Here is the setup you should be using. With the "real" chessboard being flatter than that one, I just grabbed it. Oh, and the picture on the screen should be shown in full screen mode so the corner of the board and screen match.

The reason you need to do it this way is because when you find the location of the chessboard, it finds the position of the top left corner of the chessboard and the orientation of the plane of the chessboard. Since you are trying to find the top left corner of the screen and the plane of the screen, you need them to match up. So you put the screen chessboard flat on the screen with it's corner in the corner of the screen.

So you have two cameras and two chessboards. You should take a picture from both cameras with both chessboards in the same spot. For better results, move the secondary camera (the one taking this picture) around and average the results.

From these pictures you will get three transformations.
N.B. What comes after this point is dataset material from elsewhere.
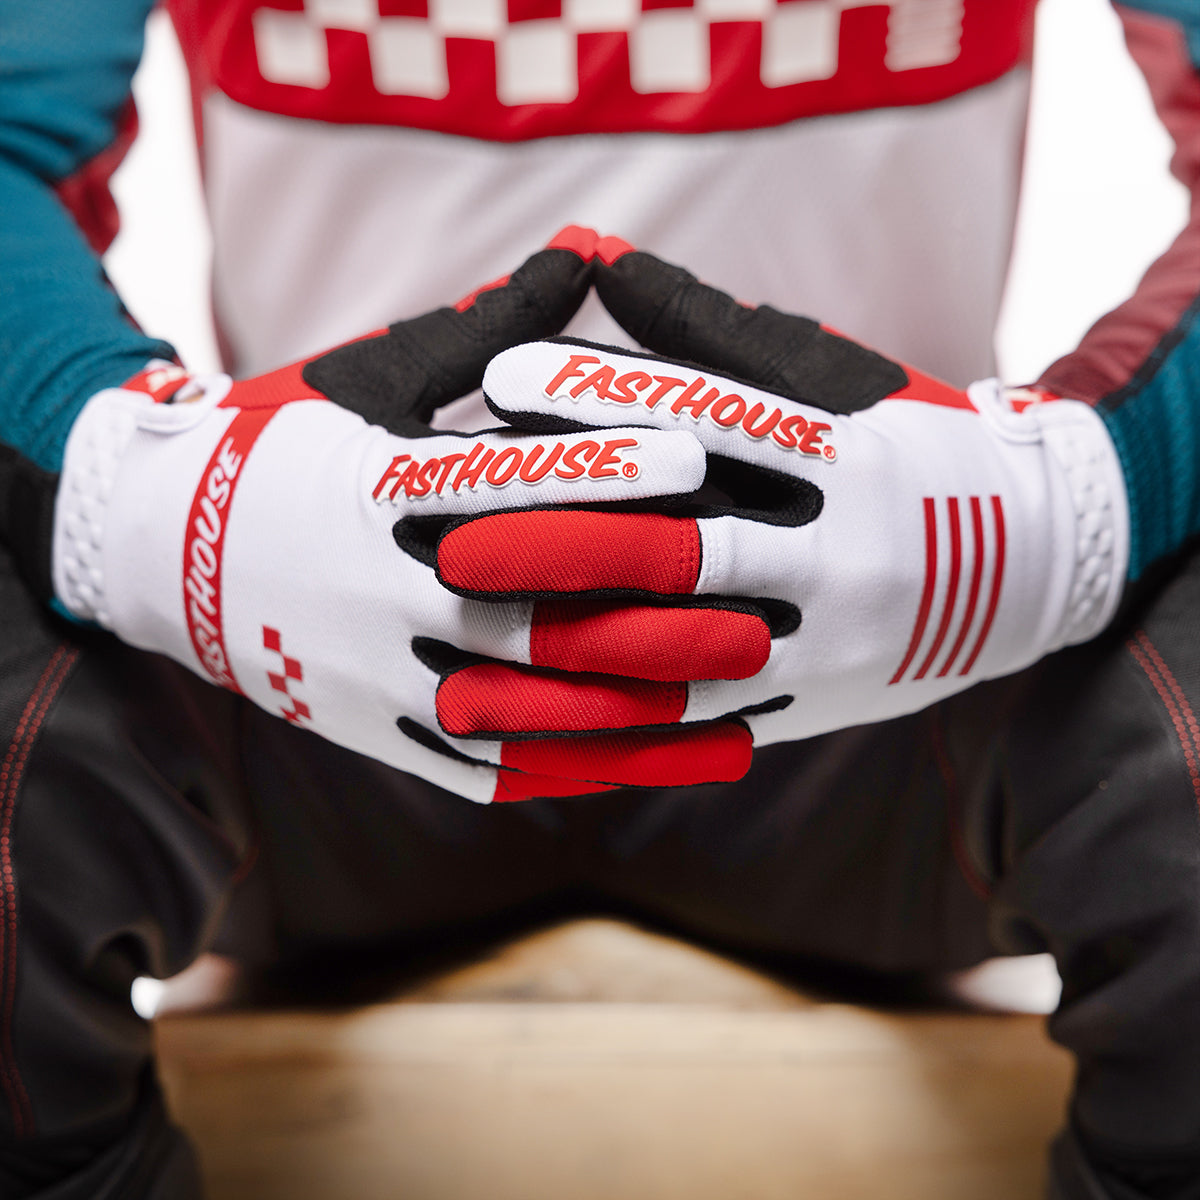 Speed Style Mod Glove - Red/White

1. From primary camera to real chessboard.
2. From secondary camera to real chessboard.
3. From secondary camera to screen chessboard.

What you want to find is from primary camera to screen chessboard. So you need to reverse the transformation from secondary camera to real chessboard, and now you have the three you need. primary->real->secondary->screen. And from that, obviously, you can get the inverse, if you need it.

EDIT: Code I used.

//Secondary Camera to Space Chessboard
<Snip Calculation>
Rodrigues(rvecs[0], R2);
tvecs[0].copyTo(T2);

//Secondary Camera to Screen Chessboard
Rodrigues(rvecs[0], R3);
R3 = R3.t();
T3 = -R3*tvecs[0];

//Primary Camera to Space Chessboard
flip(image, image, 1);
Rodrigues(rvecs[0], R1);
R1 = R1.t();
T1 = -R1*tvecs[0];

Mat translation(3, 1, CV_64F);
translation.setTo(0);
translation = R3*translation + T3;
translation = R2*translation + T2;
translation = R1*translation + T1;


This gives this, which is a little off, but probably because I only used one image for secondary camera and got bad camera matrix and distortion. The primary camera needs more images too, but I mentioned that below.

[-96.78414539354907;
-471.6594258771706;
16.61072172695242]

more

Thank you for that detailed answer, I am close and just have two small questions before I can finish this calibration.
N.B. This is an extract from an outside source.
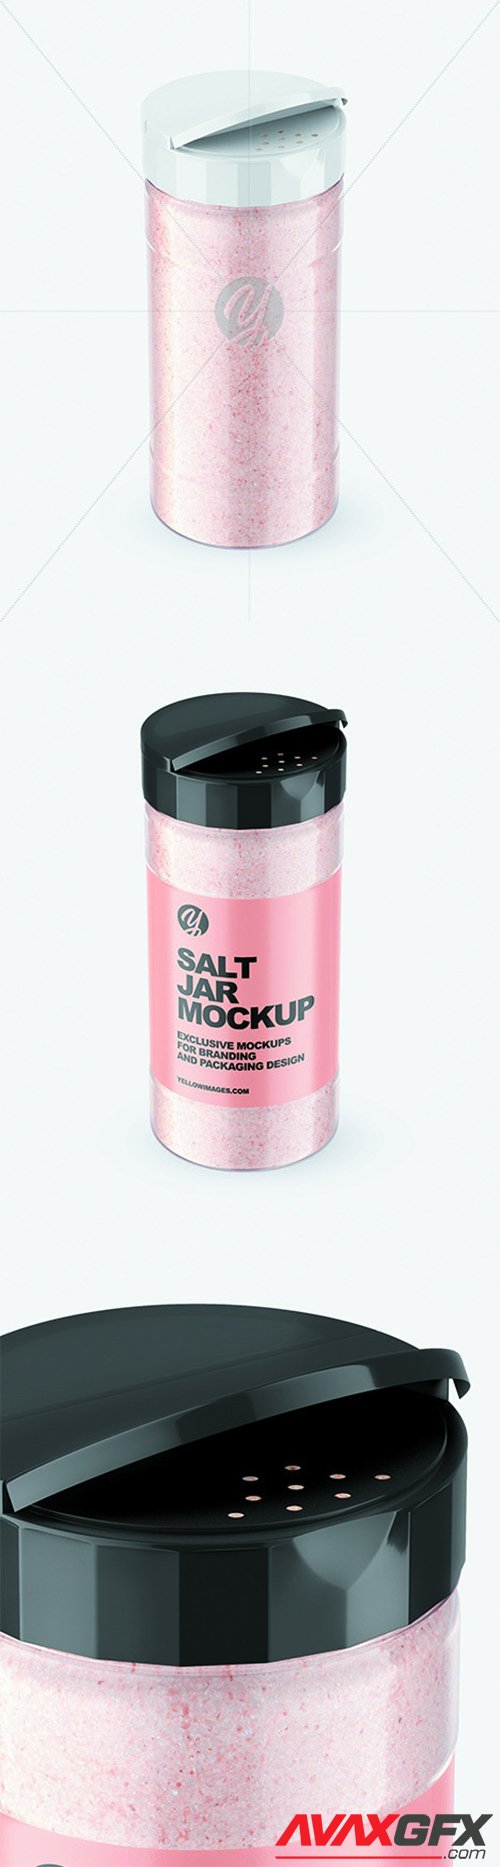 Glossy Clear Jar with Pink Salt Mockup 68706

1. findChessBoardCorners() only gets the internal corners of the screen. If the corner of the chessboard and the screen should match, how can I get that top right corner?

2. Once I've rotated and translated to get the first corner of the screen, what's the most precise way of getting the other 2 corners? I know the length in mm of a side of one of the chessboard squares. Do I divide that by the length in pixels to get a ratio, and then multiply it by 2880? (my screen is 2880x1800)

( 2016-06-05 17:59:01 -0600 )edit

You know the size of a square, subtract one.

And yes, that is how I would find the other corners.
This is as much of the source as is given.